Sinds 2013 geeft Det van Oers leiding aan cepezedinterieur. Zij zette de afdeling op samen met Klaas Cammelbeeck. In het kader van het 10-jarig jubileum reflecteert Det op deze expertise binnen ons bureau en op haar vak in het algemeen.
Je bent nu 10 jaar interieurontwerper op een architectenbureau. Hoe zie jij de relatie tussen architectuur en interieur?
Ik zie deze verhouding als een symbiose, in een goed gebouw merk je niet waar de architectuur eindigt en het interieur begint.
Sprak het je daarom aan om in 2013 bij cepezed een interieurafdeling op te zetten?
Absoluut, ik zou nooit puur op een interieurbureau willen werken, dat heb ik voor ik bij cepezed begon ook niet gedaan. De gebouwen van cepezed lenen zich door hun heldere structuur voor een interieurtoevoeging. Het is fijn om in een gebouw waar de daglichttoetreding, zichtlijnen, oriëntatie en transparantie al zo op orde zijn een extra laag toe te voegen. En er zijn geen bepalende, aanstellerige vormen of rare hoeken.

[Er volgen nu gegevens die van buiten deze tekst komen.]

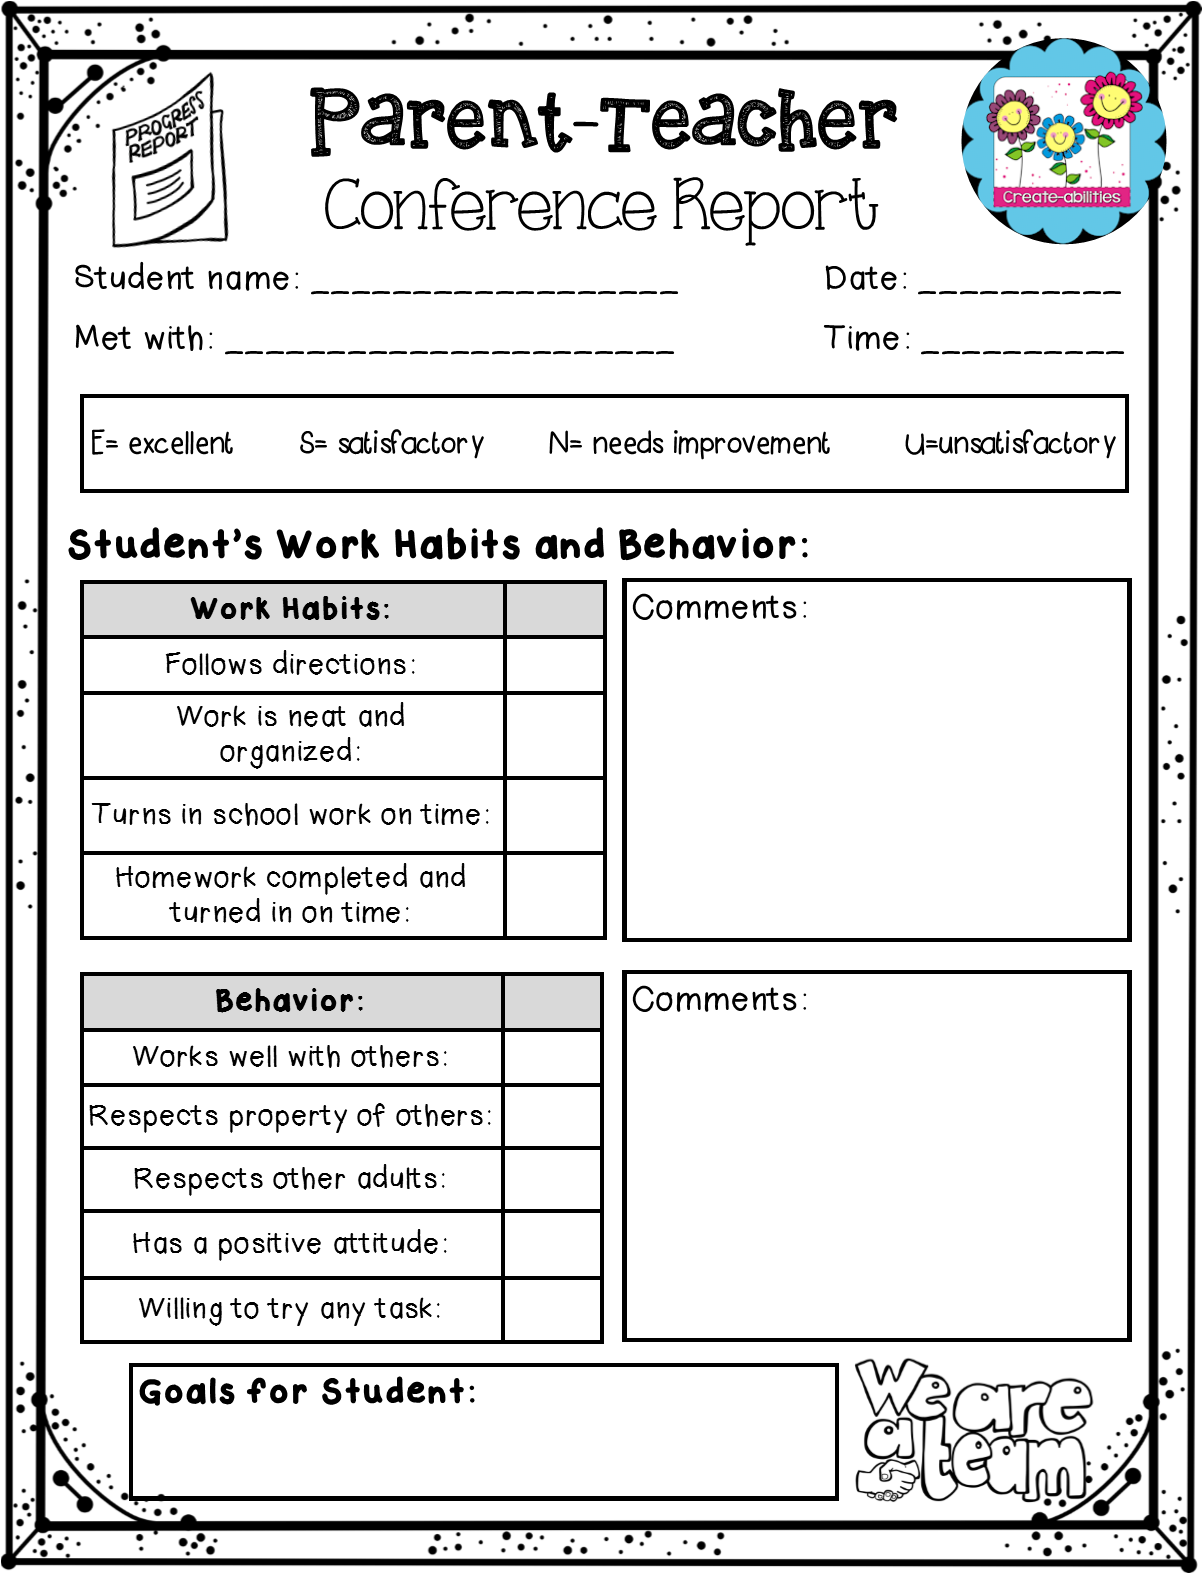 Parent teacher conference request letter template example good parent teacher conference request letter template parent teacher conferences template of parent invitation parent teacher conferences spiritdancerdesigns Images

Hoe zou je de laag die cepezedinterieur toevoegt omschrijven en hoe zorg je ervoor dat de architectuur zijn kracht, of helderheid, niet verliest?
Het is een verzachtende laag, wij gaan uit van vorm, tactiliteit, en kleuraccenten van materiaal en beplanting. We streven daarbij naar contrast in harmonie. Door van meet af aan mee te denken over het ontwerp lukt dat ook: wij denken meer van binnen naar buiten, de architecten bij cepezed van buiten naar binnen. Halverwege komen we elkaar tegen. We gieten er geen laagje overheen, het is een geïntegreerd ontwerp.
Je begon de afdeling samen met Klaas Cammelbeeck. Wat beviel jullie indertijd aan cepezed en hoe ging het in het begin?
Mij sprak de sfeer aan, lekker no-nonsense, zoals bij Kho Liang Ie, waar ik aan het begin van mijn loopbaan gewerkt heb. En ik was altijd al fan van het tijdschrift Items, waarvan Jan Pesman een van de oprichters is. Het eerste wat ik deed, was een materialenbibliotheek aanleggen, om de mogelijke variatie op zwart, wit, grijs, staal en glas - het handschrift van cepezed indertijd - tastbaar te maken.
Inmiddels werken er bij cepezedinterieur 6 tot 7 mensen. Hoe ziet het team eruit?
Ons team groeide al snel naar 5, 6 man. Het is een divers team, we hebben interieurarchitecten, architecten en meubelmakers.
Bij welk ontwerp had je voor het eerst het gevoel dat cepezedinterieur echt het verschil maakte?
Het Van Spaendonck Ondernemingshuis in Tilburg was een fijne opdracht om aan te werken. Sowieso hebben transformaties mijn voorkeur, omdat er dan al een ziel is in het gebouw. Het Ondernemingshuis, een soort bedrijfsverzamelgebouw, zat in een oud gebouw van Van den Broek en Bakema, uit 1968. cepezed ontwierp de transformatie van de architectuur. De directeur en de projectmanager gaven ons een aanvullend budget voor het interieur. Het was leuk om de identiteiten van de verschillende huurders vorm te geven en tegelijkertijd de eenheid te bewaren met het ontwerp van de gemeenschappelijke ruimtes, zoals de vergaderruimtes en het werkcafé.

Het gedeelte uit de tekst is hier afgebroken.